Cinco sin con Claudio
Se dice que el poeta Paul Verlaine viajaba siempre con una maleta que sólo contenía un diccionario. Según cómo se mire, eso puede significar que no llevaba casi nada o que lo llevaba todo al llevar el idioma entero, las palabras una a una. Las palabras que son un imán, un espejo o un desagüe y que en los labios de los cínicos y los manipuladores pierden su inocencia para convertirse en un arma: "A la letra incendiaria le habremos consentido el derecho a incendiar", dice el escritor egipcio Edmond Jabès en Esto sigue su curso, primer tomo de El libro de los márgenes, que acaba de aparecer en España.

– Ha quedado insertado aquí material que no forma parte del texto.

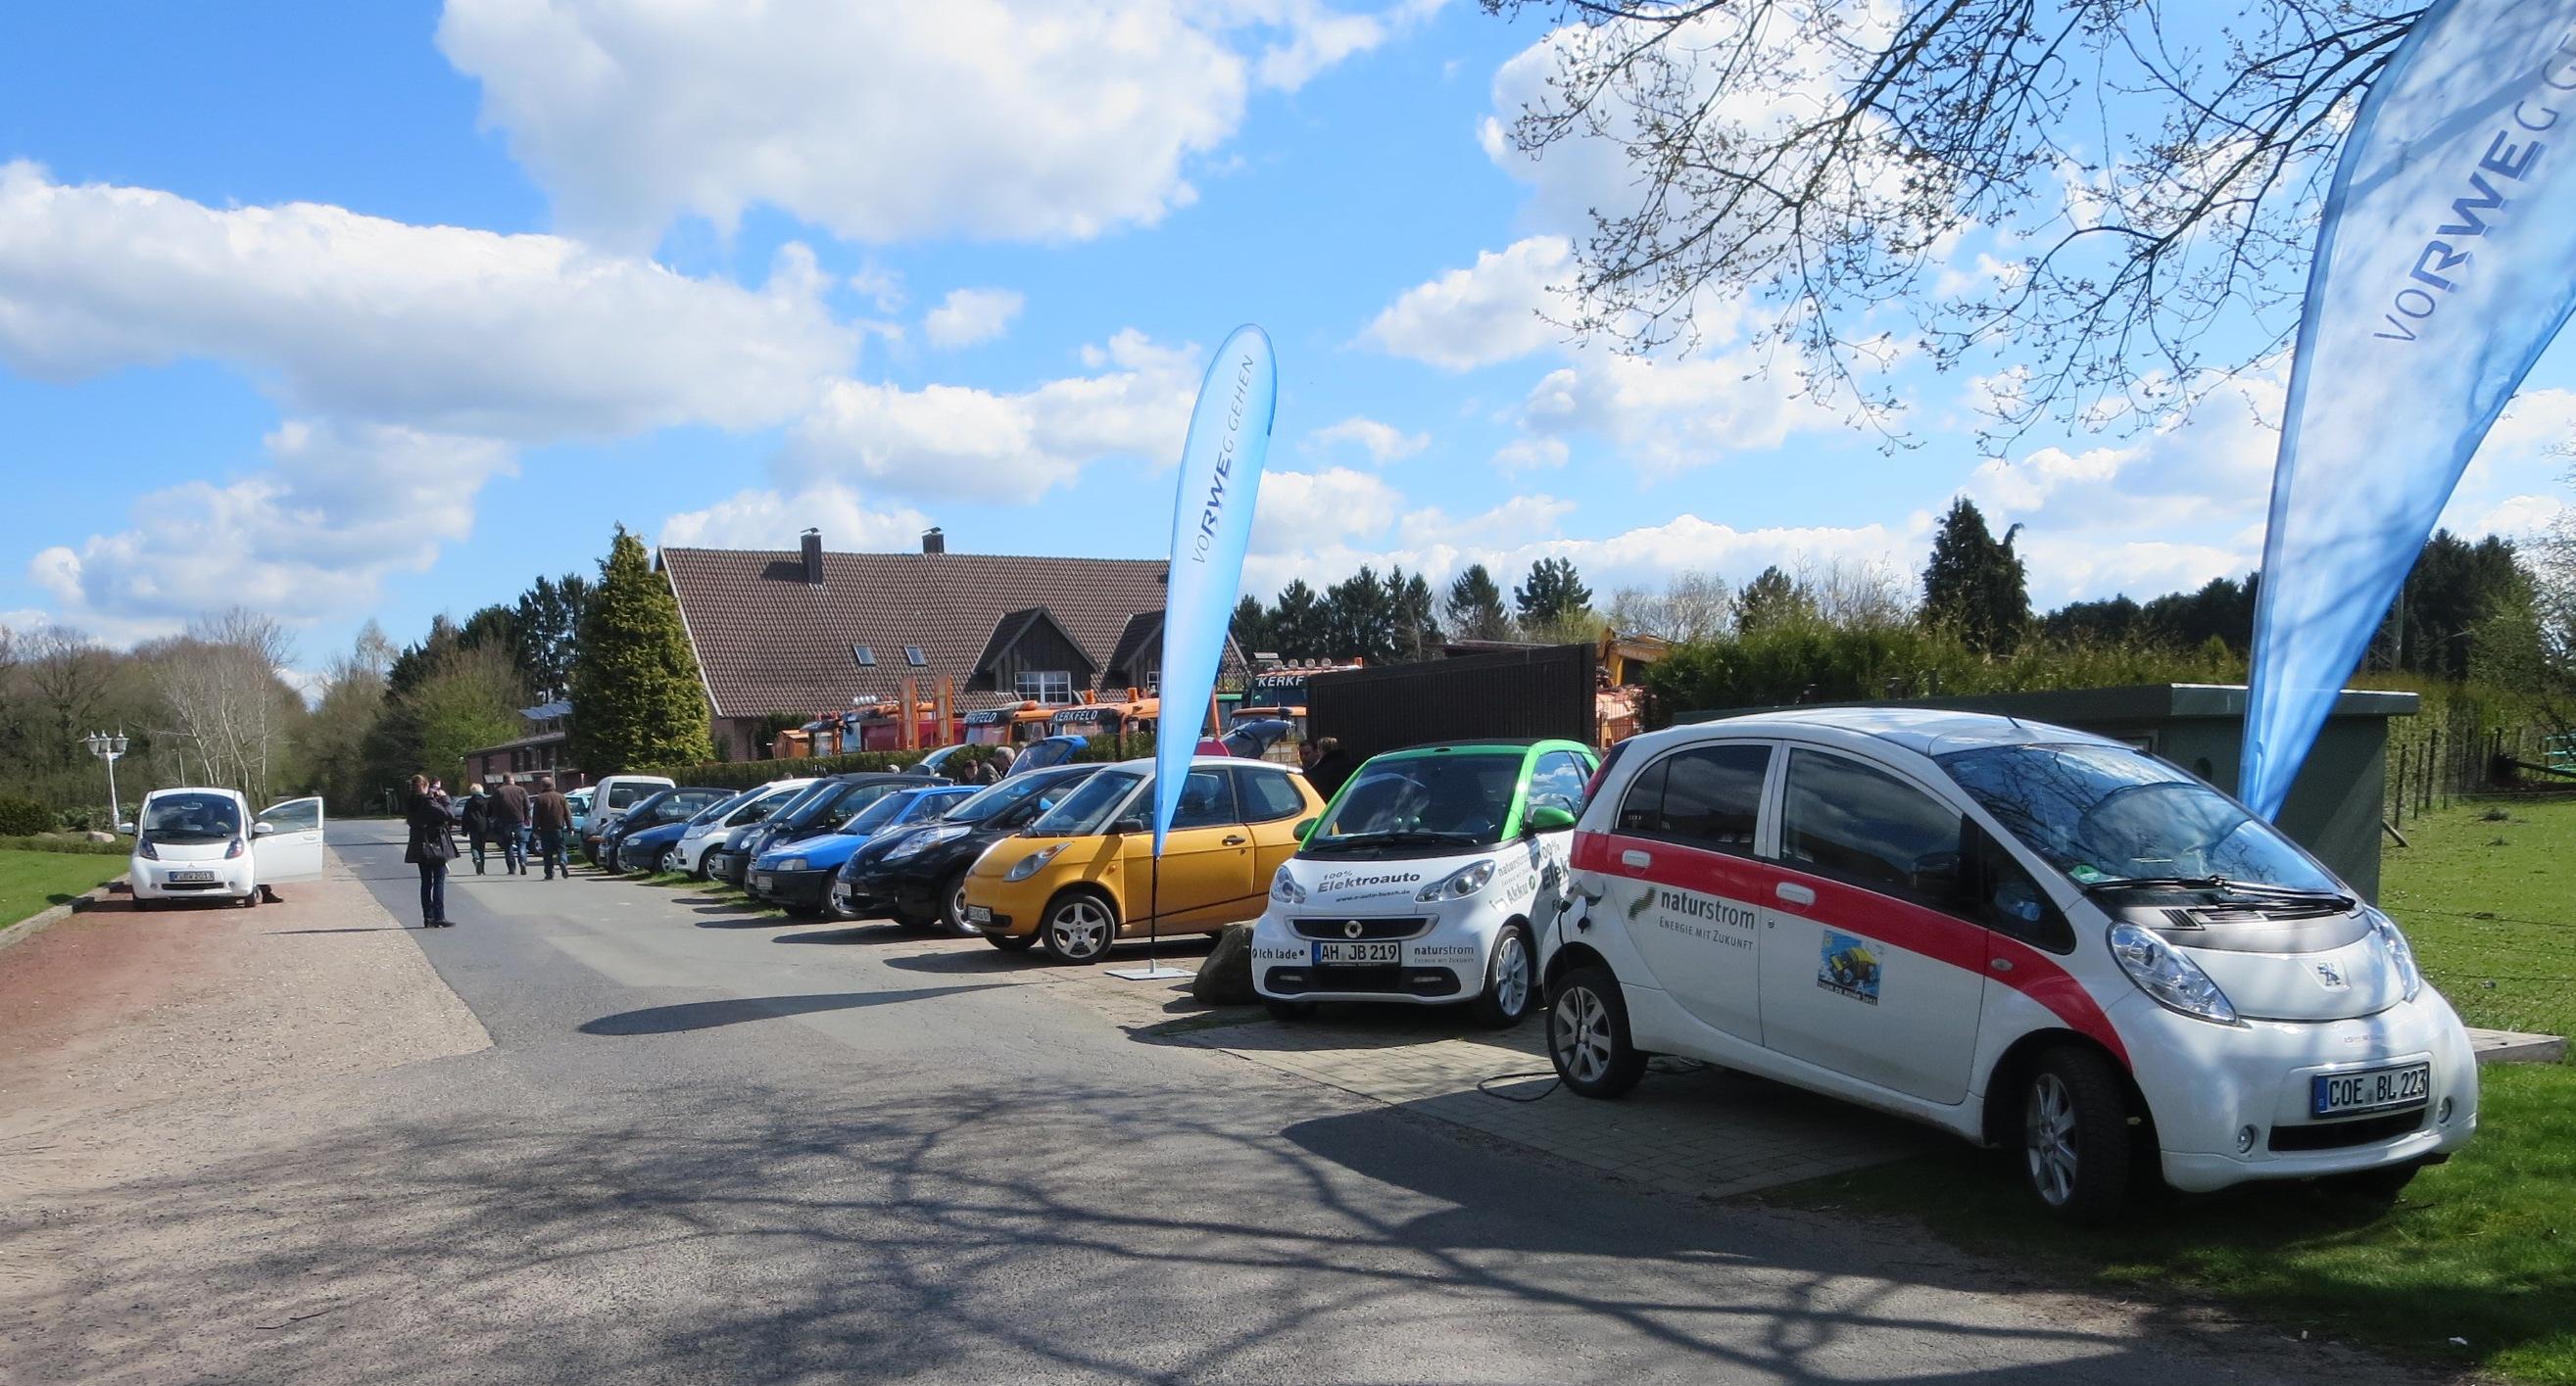 CityEL, Twike und Reva sind die kleineren Vertreter der Elektromobilität

El poeta y académico Claudio Rodríguez no iba siempre con un diccionario, pero solía llevar consigo, a veces por fuera y a veces por dentro, dependiendo de si estaba en otra ciudad o estaba en Madrid, un montón de esas palabras claras con las que escribía lentamente sus libros. Si no estaba en Madrid, llevaba en la mano un tomo con sus obras, para leer en público los versos de Don de la ebriedad, Conjuros, Alianza y condena, El vuelo de la celebración y Casi una leyenda. Si estaba en su segunda ciudad, paseaba casi todo el día por los alrededores de la calle de Lagasca con un poema nuevo en la cabeza, entraba en los mercados y los bares para meditar una estrofa esquiva, o se sentaba en el Café Gijón para apuntar unas líneas en un papel; y, un poco más tarde, en cualquier otro sitio, esbozaba alguna idea en un billete de autobús, un posavasos o un trozo de periódico, y luego otra y otra. Una tarde, en su casa, me enseñó una carpeta en la que guardaba cientos de esos papelitos que parecían pétalos de la flor del caos y de los que al final esperaba sacar un poema. "Yo sé perfectamente qué hay ahí, me dijo, "sólo me queda saber en qué orden va cada cosa".
Madrid fue la segunda ciudad de Claudio Rodríguez porque es la ciudad que eligió para vivir y la ciudad donde murió. La primera fue Zamora, en la que había nacido en 1934. Al ganar el Premio Adonais en 1953, cuando sólo tenía 19 años, su talento deslumbró a casi todos, incluidos los más acostumbrados a las luces intensas: Francisco Brines ha calificado hace poco aquel primer libro, Don de la ebriedad, de "milagroso", y Vicente Aleixandre, premio Nobel de Literatura, telefoneó, nada más leerlo, a su amigo Carlos Bousoño, según ha confesado éste, para llamarle la atención sobre aquella nueva voz, original y certera, de la poesía española. A nadie le fueron indiferentes los poemas de Claudio Rodríguez, tan minuciosamente sencillos que al leerlos resulta fácil recordar cierta sentencia del compositor Claude Debussy: "La tarea del pianista es hacer olvidar al público que el piano es una caja llena de pequeños martillos". Francisco Brines y Carlos Bousoño son algunos de los escritores que estos días, cuando se cumple el quinto aniversario de la muerte de Claudio Rodríguez, le recuerdan en el Ateneo de Madrid. No les costará trabajo, porque Claudio es una persona fácil de recordar, siempre tan igual a sí mismo, con su inalterable sonrisa de antiguo muchacho, los ojos muy negros, aquella voz un poco metálica con la que solía quitarse importancia cuando le hablabas de su obra, un cigarrillo perpetuo en la mano derecha y un vaso en la izquierda. Sumas todo eso y sale un Claudio tan cercano que resulta complicado admitir que haya muerto. Sí que se ha muerto, para siempre, hace cinco años, pero cuando abres tu agenda ves su número de teléfono, aún tan reciente, y es como recibir una llamada suya desde el más allá que te dice: no me olvides.
Sus camaradas, estudiosos y lectores no le olvidan, como demuestra el homenaje oportuno que se le tributa en el Ateneo de Madrid. Qué poco cuesta imaginarlo alejándose, calle de Lagasca arriba, camino de la que fue su casa de siempre hasta que un casero avaricioso lo echó de ella, acabando por dentro o alguno de los poemas de lo que iba a ser un libro titulado Aventura o las palabras para una despedida que forman el último poema de su último libro editado, Casi una leyenda: "Tú no sabías que la muerte es bella / y que se hizo en tu cuerpo. No sabías / que la familia, calles generosas, / eran mentira. / Pero no aquella lluvia de la infancia, / y no el sabor de la desilusión, / la sábana sin sombra y la caricia / desconocida. / Que la luz nunca olvida y no perdona, / más peligrosa con tu claridad / tan inocente que lo dice todo: / revelación. (...)". No hay que permitirle a Claudio Rodríguez que se aleje. No nos conviene ni a nosotros ni a él. A los muertos que merecen la pena no hay que dejarlos descansar en paz.